# Hard Lump after Surgery



## jenny v (May 6, 2012)

I am almost 2 years out from my total thyroidectomy and I've never had any structural problems in my neck in all that time. This morning I woke up with an acorn sized lump just above my scar and it's visible to people when I tilt my head back a little. It doesn't hurt, it's a hard knot and I do feel a slight pressure in my throat where it is (it feels like I have a lump in my throat when I swallow).

Has anyone else had this happen? I can't get in to see my ENT surgeon until next Tuesday, although I am on the cancellation list.


----------



## Octavia (Aug 1, 2011)

That's new to me, jenny v. Keep a close eye on it to observe whether it's changing in size (or "form").


----------



## jenny v (May 6, 2012)

Thanks, Octavia. I'm a little obsessed with it, so I'm definitely keeping track of its size, lol!

I know thyroids can grow back, but does it happen that fast and just pop out overnight? I guess I'll find out more next week when I see my ENT. I'm hoping it's just nothing or something that can be drained because I go on vacation in 3 weeks and I am not giving that up for anything.


----------



## Octavia (Aug 1, 2011)

Here's a thought....I wonder if you could get in quickly with your primary care physician and get an ultrasound ordered/done. My guess is that's the first thing the ENT will do anyway, so maybe you could get a head start on things.


----------



## jenny v (May 6, 2012)

Unfortunately, next week is the earliest I could get in with anyone, so I'm stuck waiting. If it does swell much more or get painful, I'm going to go camp out at my ENT's office.


----------



## Lovlkn (Dec 20, 2009)

Maybe its a random cyst -

I just got one on my arm - thought it was an ingrown hair.

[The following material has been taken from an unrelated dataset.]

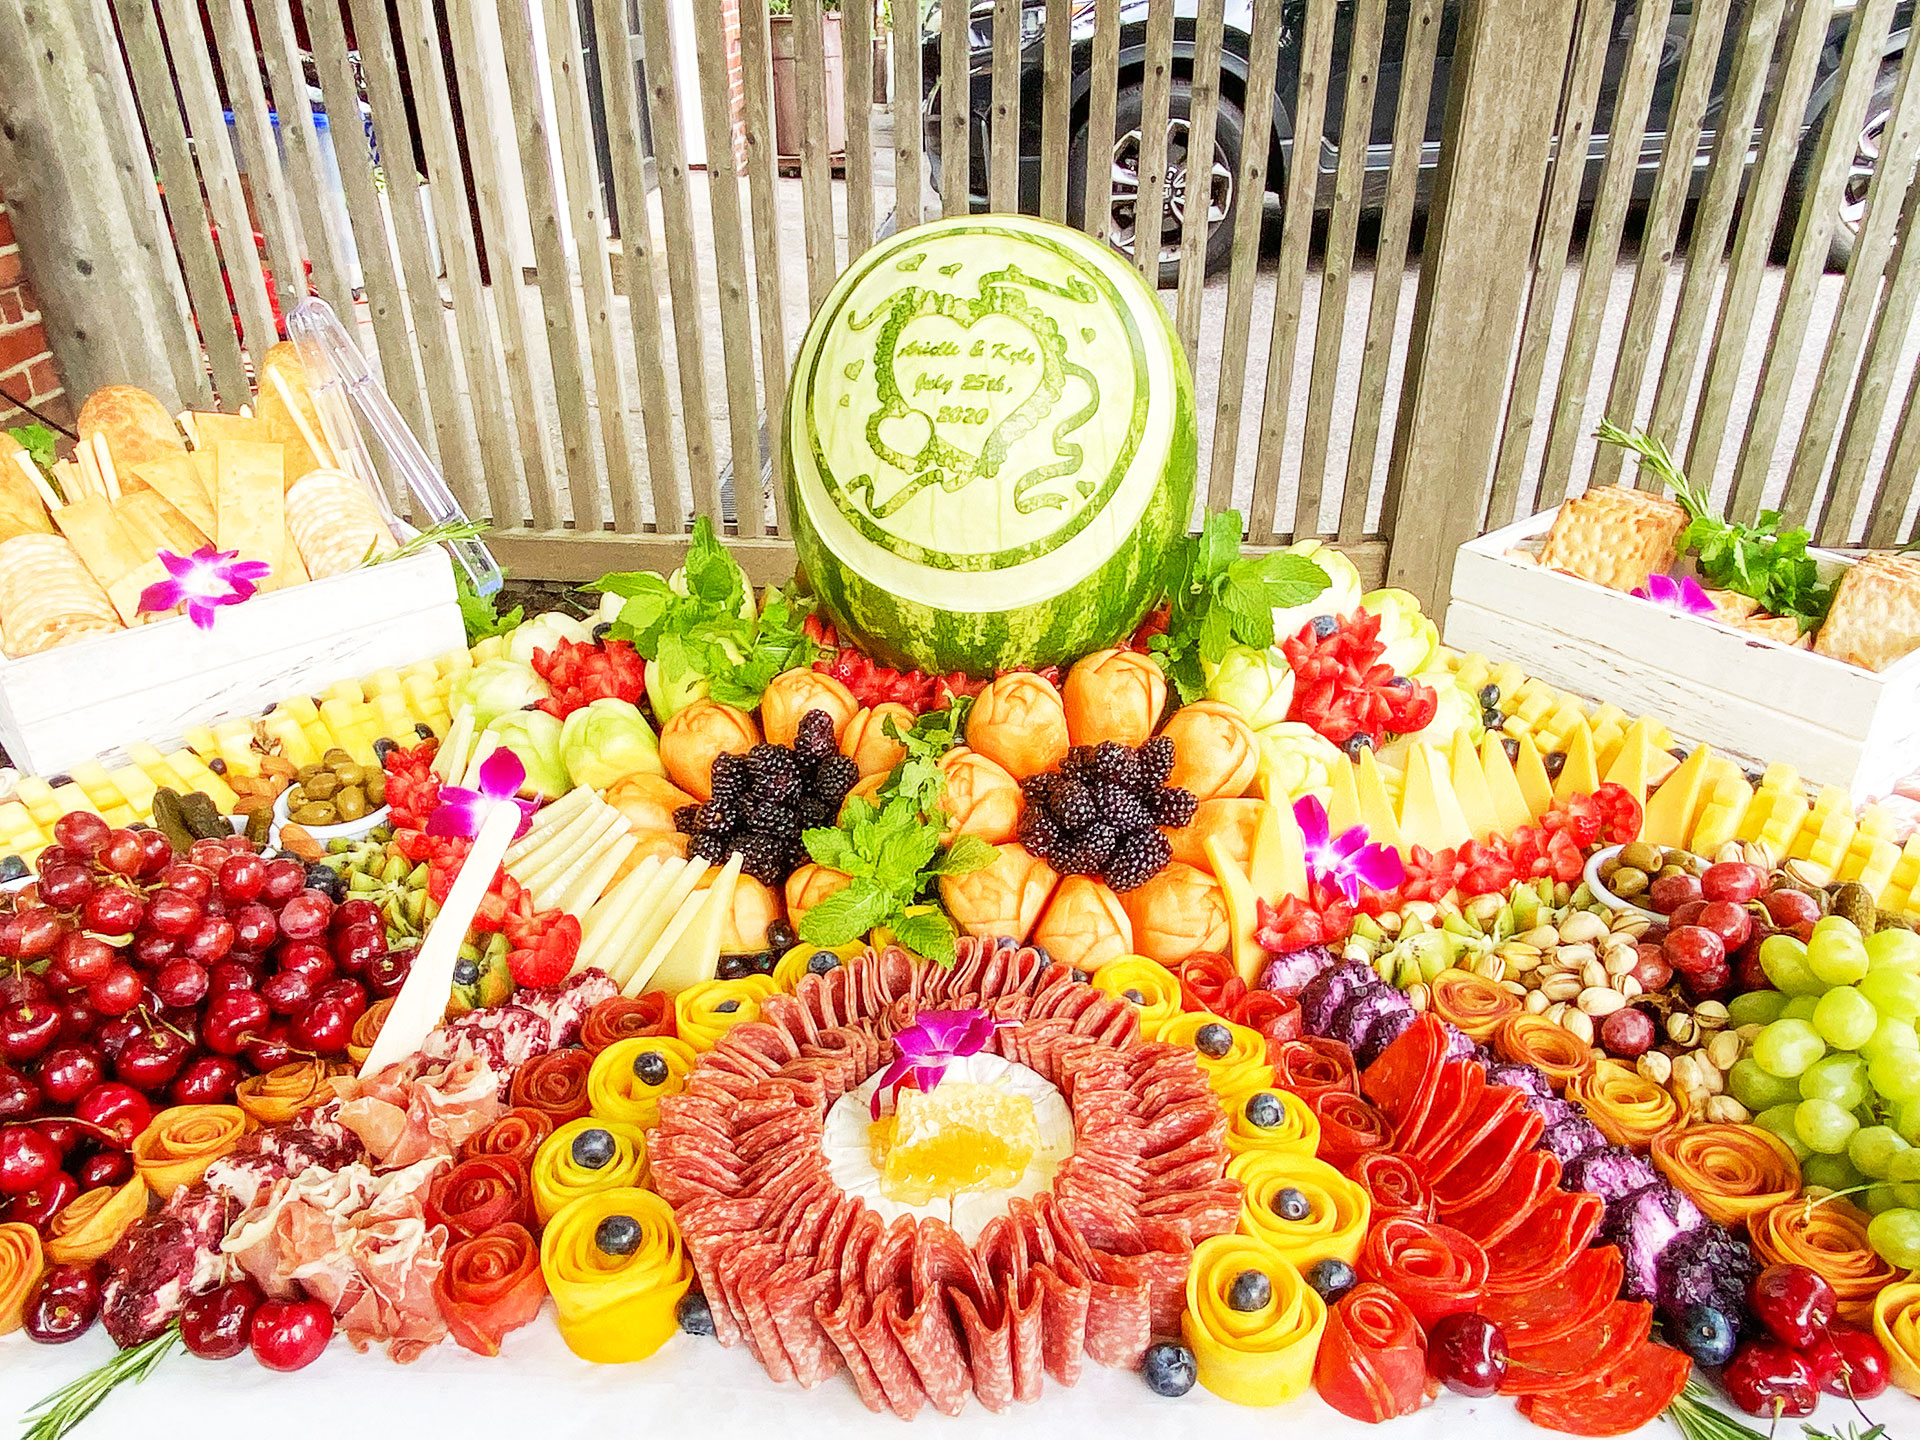 Fruit cheese and charcuterie grazing table with watermelon carving centerpiece
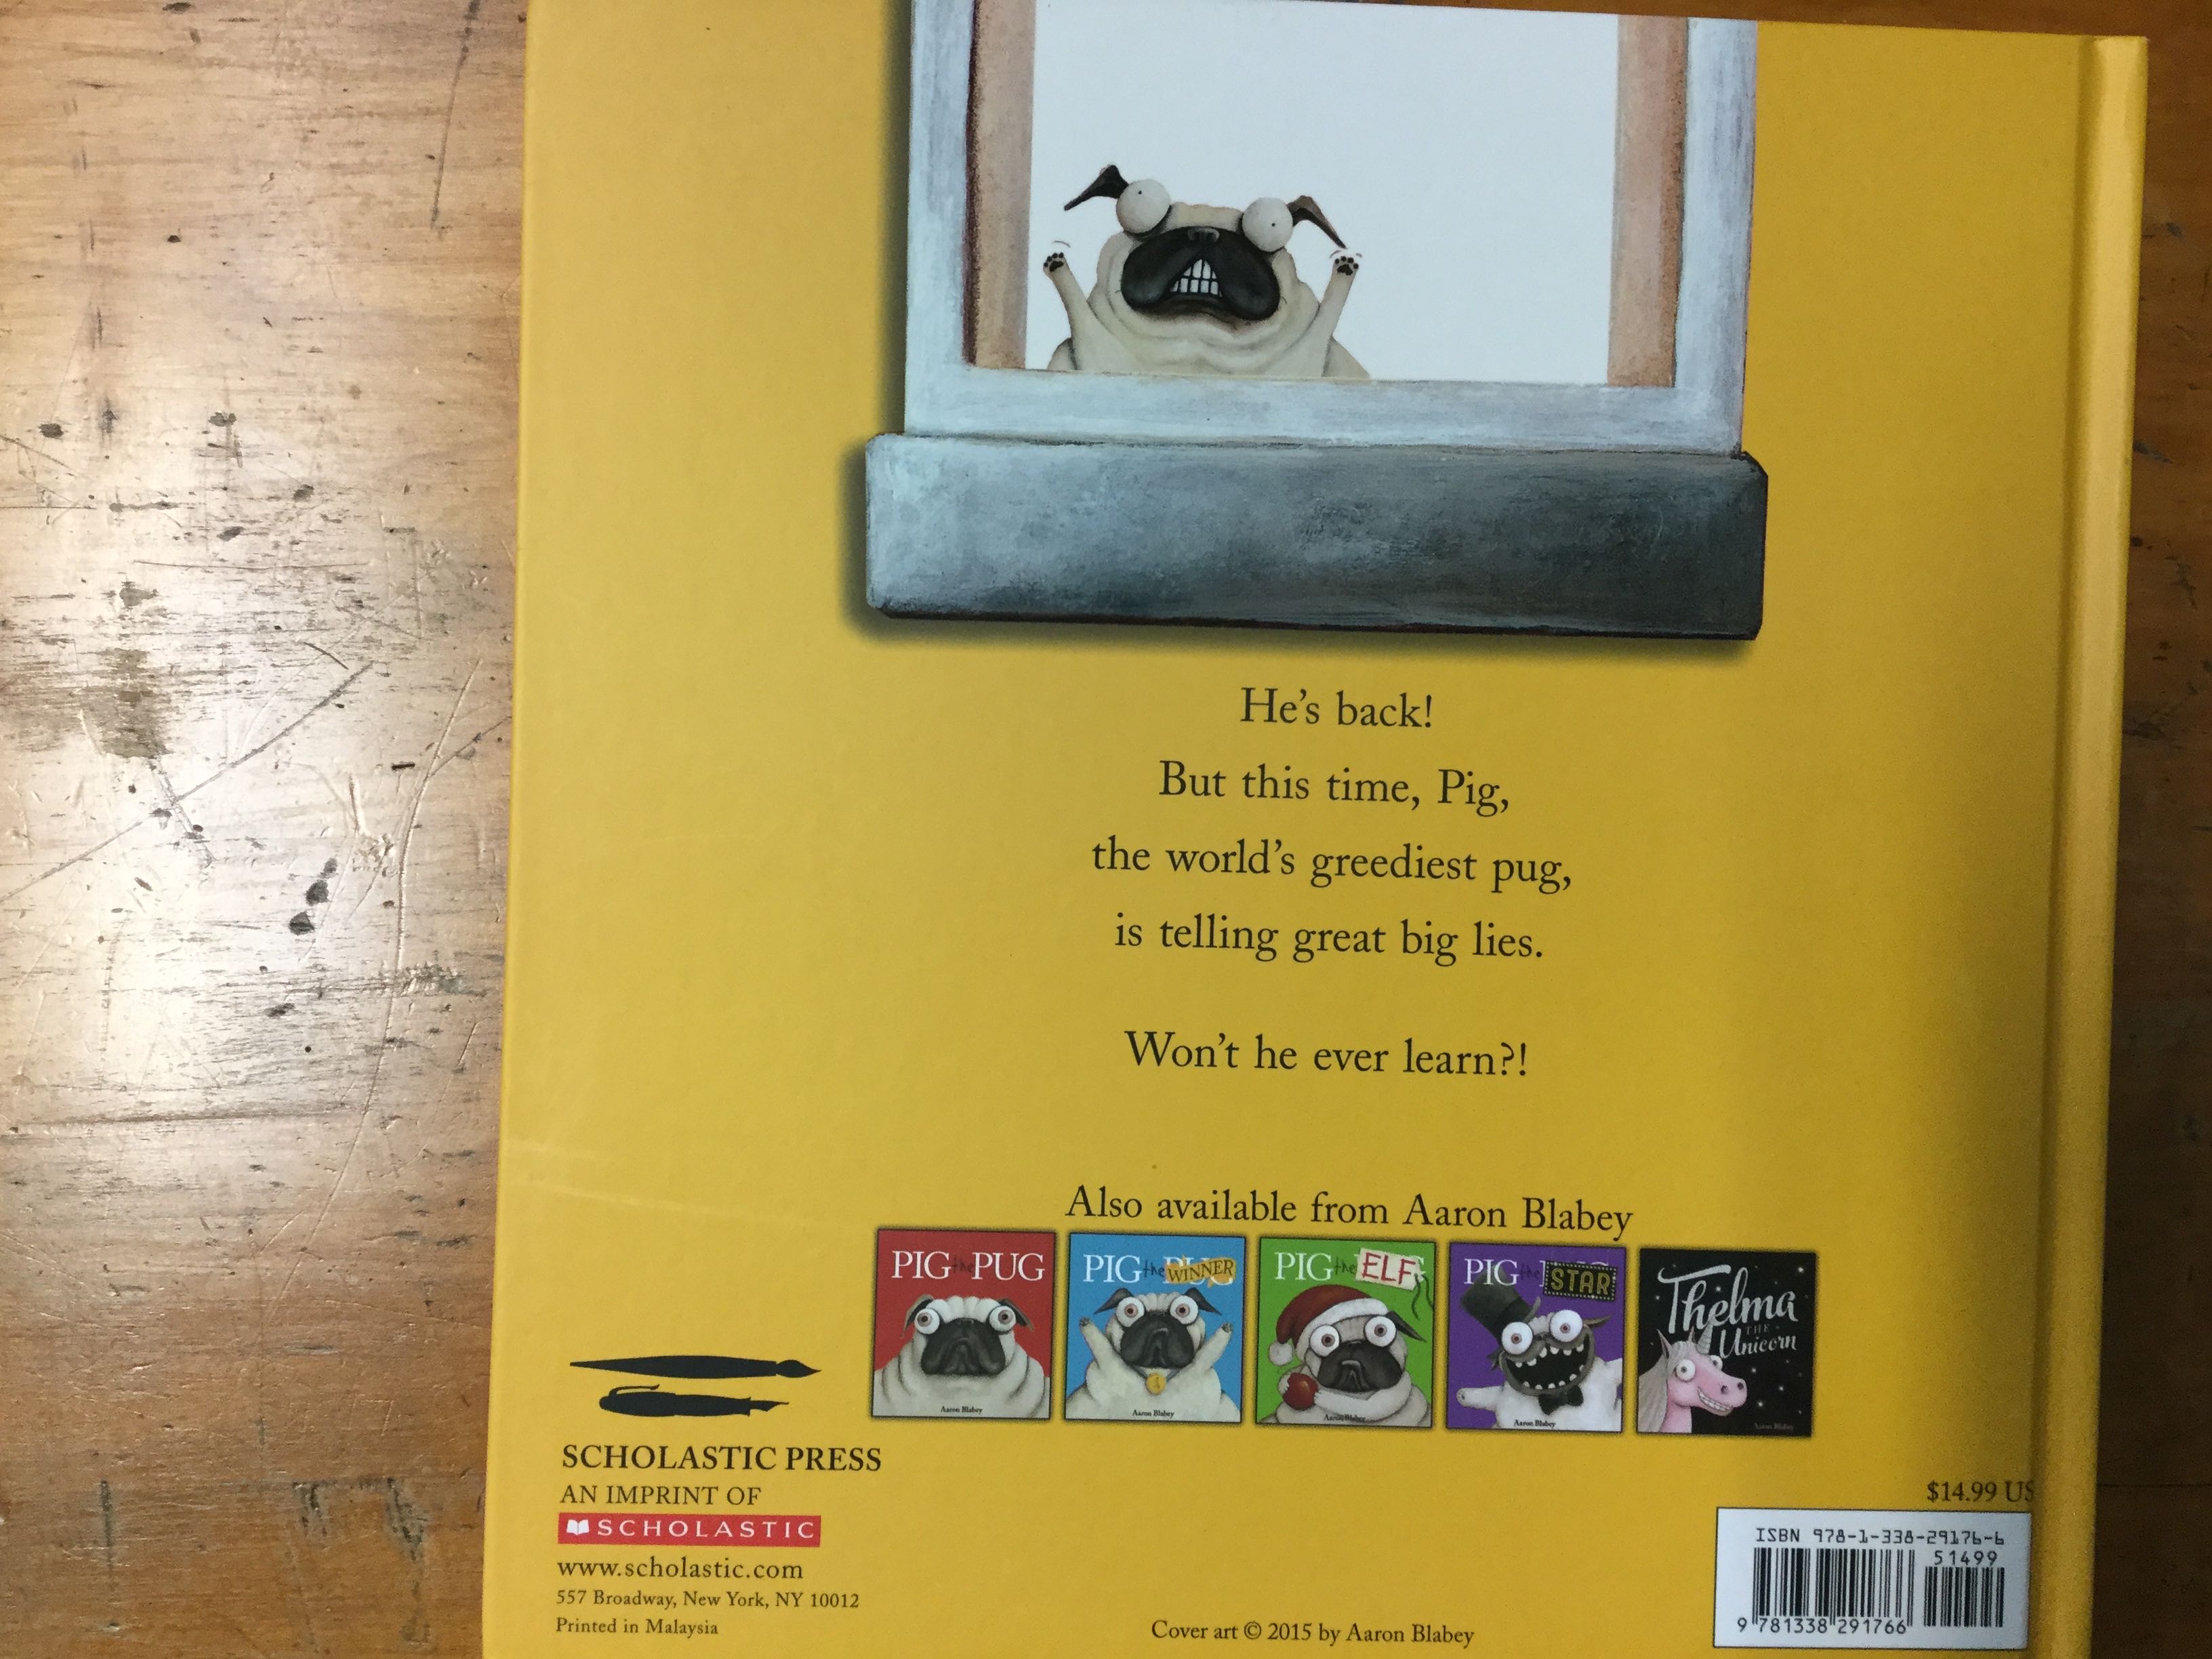 Pig The Fibber - Aaron Blabey (Pig the Pug - Hardcover) book collectible [Barcode 9781338291766] - Main Image 2

My doc saw it at my lab check and told me it was some sort of cyst. He did not offer to cut it out - told me to leave it alone and it will get smaller on it's own.


----------



## jenny v (May 6, 2012)

Lovlkn, did your cyst feel like a solid lump? Mine isn't tender but it feels solid and it's becoming really annoying simply because of where it's popped up--it's sitting right on the base of my throat, so I constantly feel it. Tuesday can't come fast enough, lol!


----------



## jenny v (May 6, 2012)

I finally saw my ENT and he thinks the lump is a lymph node. I'm doing a 10 day course of antibiotics to see if that reduces it and if not, we'll do a needle biopsy in later October. He doesn't think it's cancer or anything serious, but since it's sitting in such a sensitive area, he did leave open the option of surgical removal if it doesn't go away on its own. We'll see!


----------



## Andros (Aug 26, 2009)

Gosh; Jenny!! It's always something. Maybe some tissue left behind did replicate or a lymph node?

Glad you will get FNA; this is not something to just surmise about given your medical history.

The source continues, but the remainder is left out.